Sebelum saya menulis buku pertama saya, saya ingat dua pemikiran berbeda:

1 - “Ini akan seperti menulis posting blog yang panjang”
2 - “Saya akan bisa melakukan ini sendirian.”

Saya salah di kedua akun.

Mari kita mulai dengan item dua:

Meskipun penulisan buku Anda kemungkinan akan menjadi proses soliter, pengeditan, pemformatan, penerbitan, dan pemasaran (sejauh ini sebagian besar dari proses "penulisan buku") mengambil orang lain.

Dan orang lain, mengerti ini, berpikir secara berbeda dari Anda.

TEMUKAN SESEORANG YANG AKAN MEMBERITAHU KEBENARAN.

Maaf saya tidak bermaksud mengatakannya di semua topi. Yah, saya semacam melakukannya. Saya hanya tidak ingin Anda melewatkan fakta bahwa jika Anda hanya siap untuk penegasan alih-alih kritik yang bermanfaat, akan sulit untuk menulis buku yang lebih besar dari Anda.

Saya membuat kesalahan ini pada awalnya.

"Apa pendapatmu tentang novelku?" Aku ragu-ragu bertanya, mata anak anjing bersinar ke teman-temanku.
"Ini baik! Sangat bagus!" mereka berkata.

Tentu saja mereka melakukannya. Apa lagi yang akan mereka katakan? Saya meminta tidak ada yang spesifik. Tidak ada yang mau melukai perasaan teman.

Sebagai seorang seniman, saya sering sangat terikat dengan "anak-anak" saya sehingga saya tidak akan melihat tahi lalat yang jelek dan jelas di hidung mereka. Ini memalukan. Buku-buku dengan tahi lalat metaforis tidak terlalu jauh.

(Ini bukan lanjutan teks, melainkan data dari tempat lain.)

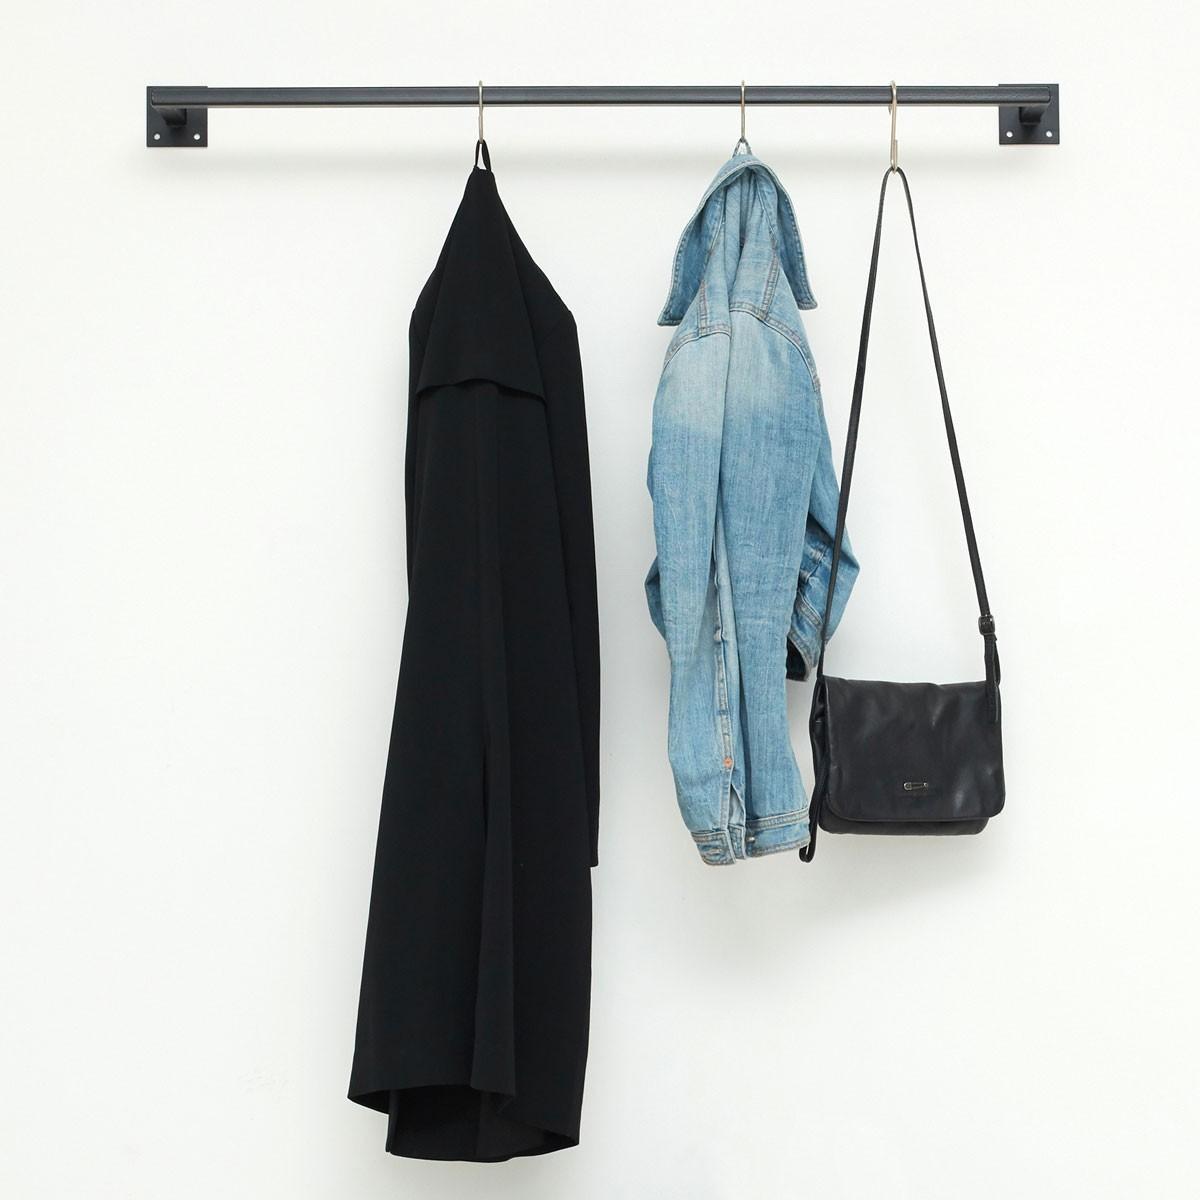 Garderobe Industrial Style

Satu buku yang saya terbitkan adalah hasil dari banyak ulasan (yang mengganggu saya) umpan balik dari banyak orang (yang saya tolak), dan sisir bergigi proofreader (yang membutuhkan waktu dan saya tidak sabar).

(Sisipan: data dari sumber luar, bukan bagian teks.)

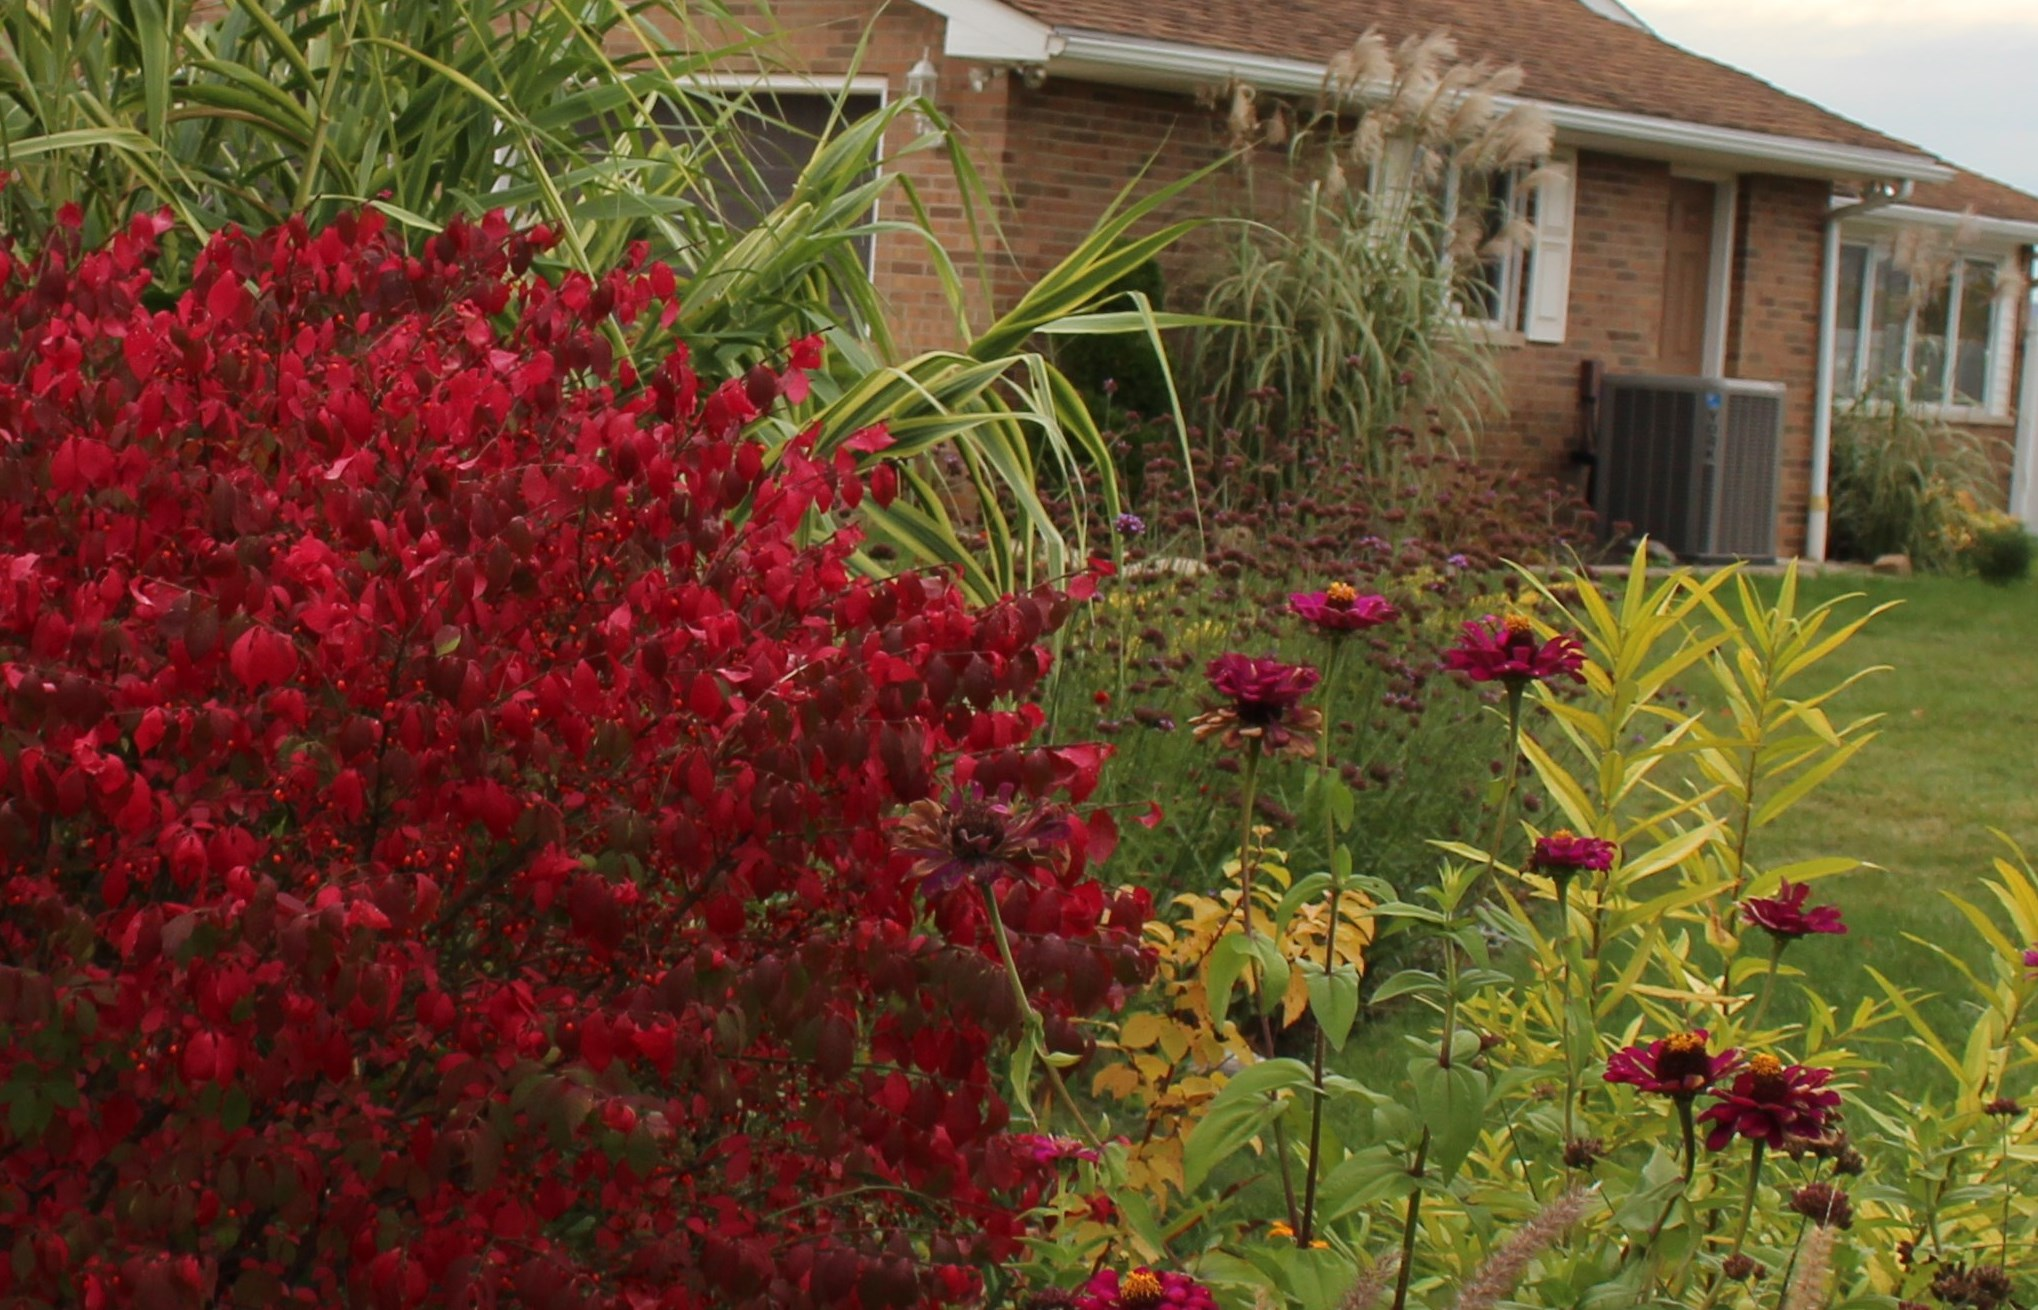 GB Foliage Day- October Highlights « sorta like suburbia

Semua hal ini membuat JAUH dibaca lebih baik.

Sekarang ke titik satu - "Ini akan seperti posting blog yang panjang."

Buku agak mirip dengan posting blog, saya kira, kecuali untuk perbedaan utama ini:

  • Panjang posting blog Anda adalah 50.000 kata.
  • Anda menulis posting satu kalimat sekaligus.
  • Anda melakukan ini selama setahun.

Ketika Anda menulis posting blog, suaranya konsisten. Tentu saja. Anda menulis semuanya sekaligus. Kata-kata di sana sebagian besar didorong oleh satu emosi.

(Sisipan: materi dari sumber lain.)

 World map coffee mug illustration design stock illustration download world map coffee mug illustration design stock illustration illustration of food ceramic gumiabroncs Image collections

Dengan buku itu, saya memiliki beberapa emosi yang berbeda, semuanya berasal dari tempat yang berbeda dalam hidup saya. Kemudian, entah bagaimana, saya perlu mengkonsolidasikan semua emosi dan tempat itu menjadi tema dan nada yang konstan.

Buku bukan tentang kata-kata. Mereka tentang bagaimana kata-kata itu rasakan. Anda akan merasakan banyak hal berbeda sepanjang tahun yang Anda perlukan untuk menulis buku, tetapi hasilnya harus terasa konsisten.

Ini bukan tugas yang mudah.

Namun, ada baiknya Anda menunjukkan bahwa Anda mungkin tidak akan mengatasi masalah penulisan terbesar Anda dengan membaca bagaimana penulis mengatasi masalah mereka.

Anda akan mengatasinya dengan menulis.

Hai semua,

Saya melakukan sesuatu yang sedikit berbeda minggu ini hanya di bagian bawah posting saya.

Saya meminta Anda untuk membeli buku saya.

Versi audio The Creative's Curse baru saja dirilis di Audible, dan saya tidak ingin Anda kehilangan kesempatan untuk mendapatkan salinan Kindle dan / atau versi audio, yang memiliki 20 menit tambahan garis singgung improvisasi yang tidak dalam salinan tertulis.

Jika saya telah menawarkan nilai apa pun kepada Anda selama 2 tahun terakhir - melalui 396 artikel di platform ini, 135 jawaban di Quora, 91 video di YouTube, atau 74 posting di blog rumah saya - bantu saya:

Ambil $ 5 dan ambil salinan Anda sekarang.